Hepatitis B and Haemophilus influenzae type B (Hib) are also cases in point. The hepatitis B vaccine is now part of the immunisation programmes of 153 countries — up from 12 in 1990. In India, the introduction of the vaccine was based on miscalculations. The number of deaths from hepatitis B was exaggerated — up from 5,000 to 250,000 per year. These figures were later successfully contested (see box: Model mayhem).
The Hib vaccine is next on GAVI’s agenda. At its Delhi meeting, the Hib initiative was launched to counsel developing countries about the need for the vaccine. So far, 92 countries have introduced the Hib vaccine but it is likely to be the eighth vaccine to be included in the World Health Organization’s (WHO’s) Expanded Programme on Immunization (EPI). This initiative uses the example of its success in The Gambia, where meningitis and severe pneumonia in young children have virtually been eliminated through Hib vaccination.

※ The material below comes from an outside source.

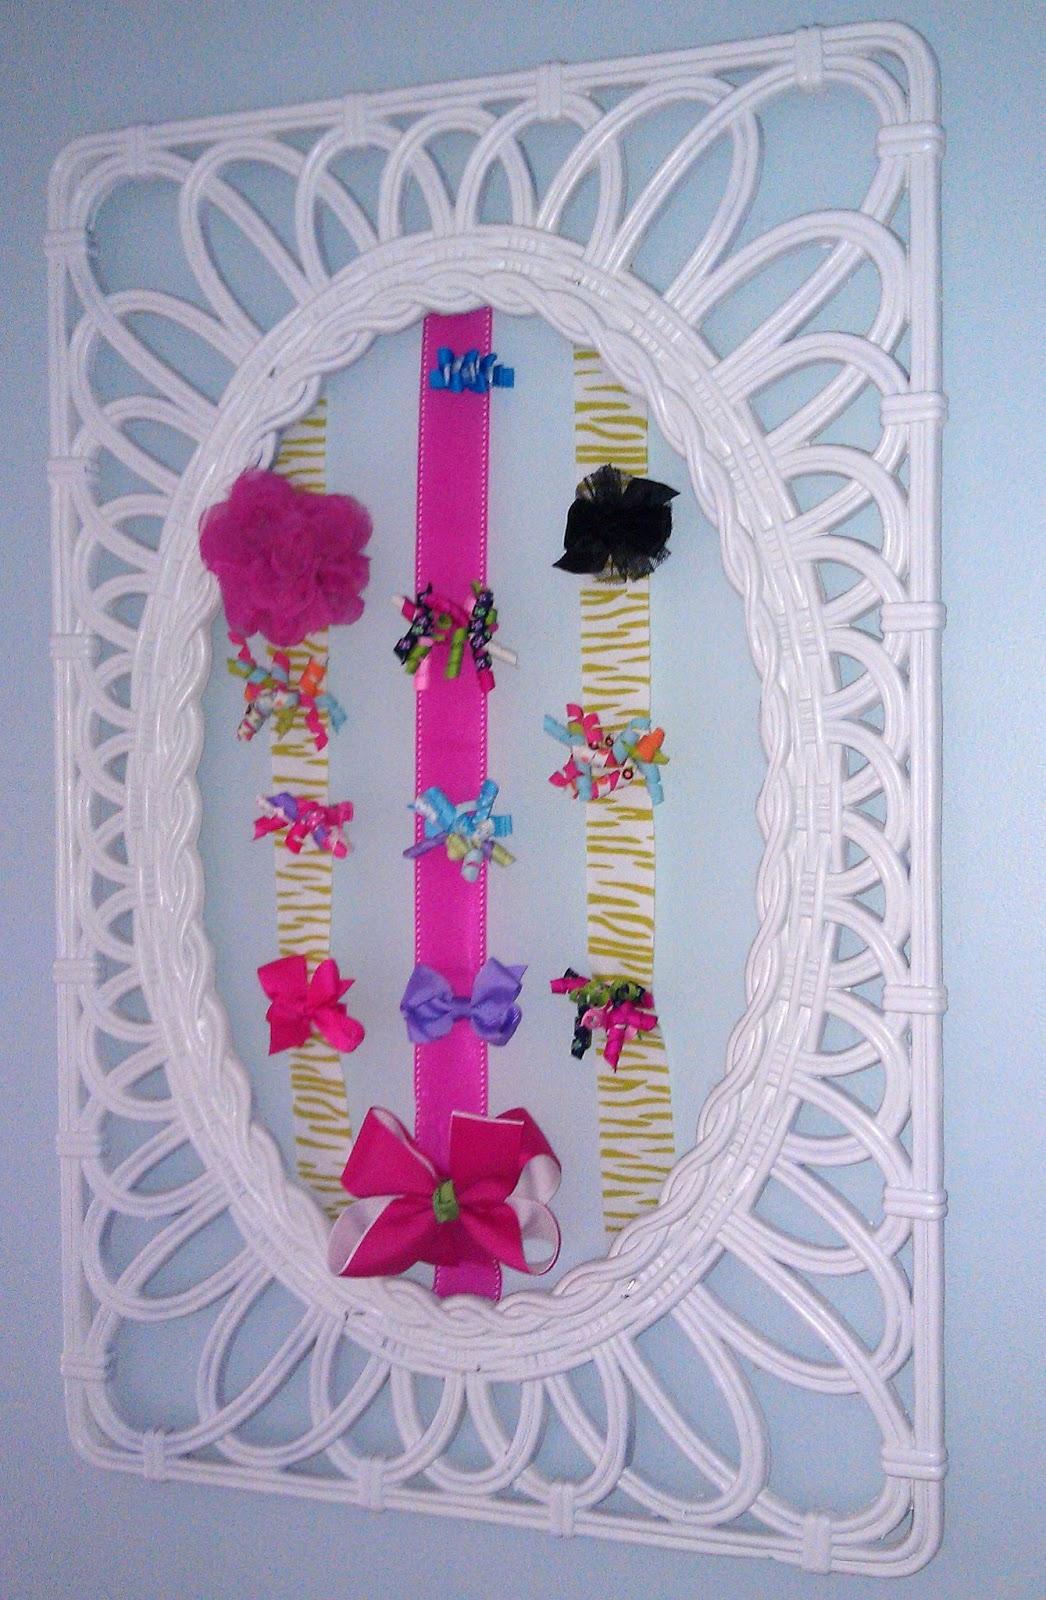 How to organize hair bows - Organizing Hair Accessories

GAVI is pushing the vaccine in India though the evidence to show it does not need to be part of a universal programme is strong. A 2002 study, found just 125 Hib cases among 5,798 cultures — that works out to 2.1 per cent. Not convinced, WHO undertook a study, which found the incidence of Hib at nine per 100,000. WHO hasn’t published the findings yet, though the British journal Expert Review: Pharmacoeconomics and Outcome Resesarch reported that they were presented at a conference. GAVI has now funded another study — to the tune of us $9 million — to be carried out by the Indian Council for Medical Resesarch (ICMR) in Kolkata, Chandigarh and Chennai. Results are expected in six months.
This shift has strengthened an insidious shift in vaccine production and availability. Availability of basic vaccines had improved between 1992 and 1997 with manufacturers from developing countries manufacturing them. But this gain was offset when firms in the developed world started discontinuing such vaccines, especially those used by UNICEF for EPI (see graph: Falling stocks). Given that worldwide vaccines form less than 2 per cent of the pharmaceutical industry, there is no incentive to make basic vaccines when new vaccines fetch better prices. When developed countries began to use the new vaccines, it was a nail in the coffin for their poorer cousins.
EPI programmes are, therefore, getting more dependent on a handful of manufacturers from developing countries which still manufacture basic vaccines because dollar payments, leading to tax breaks, still make it profitable. But they too increasingly want to move over to the highend business unless they get further incentives for EPI vaccines, as S S Jadhav, executive director, quality assurance and regulatory affairs, Serum Institute of India Limited (SSI), Pune makes clear.
At the macro-level, this trend might have deleterious consequences for universal immunisation. Immunisation is below 30 per cent in several parts of the developing world. WHO launched EPI in 1974 to ensure that every child gets vaccines against the six common diseases. By 2000, it succeeded in increasing coverage rates from just 5 per cent to 76 per cent. But far more has to be done. A recent study by WHO and UNICEF of in the GAVI-affiliated countries showed that 10 million additional lives could be saved per year by investing an annual average of US $1 billion on child and maternal immunisation between 2006 and 20015. The price tag for universal immunisation in the same period is US $35 billion, of which there is a US $10-15 billion shortfall.
But even increased funding may not be able to keep up with the shifting terrains of the markets unless policy changes, as we have seen. Take GAVI. It is estimated that one-third of its annual $35-billion budget for immmunisation will be spent on vaccines alone. But the annual spending on vaccines will rise from about $350 million in 2005 to nearly $1.5 billion in 2015, if programmes include underused and new vaccines. This is the crux of the problem.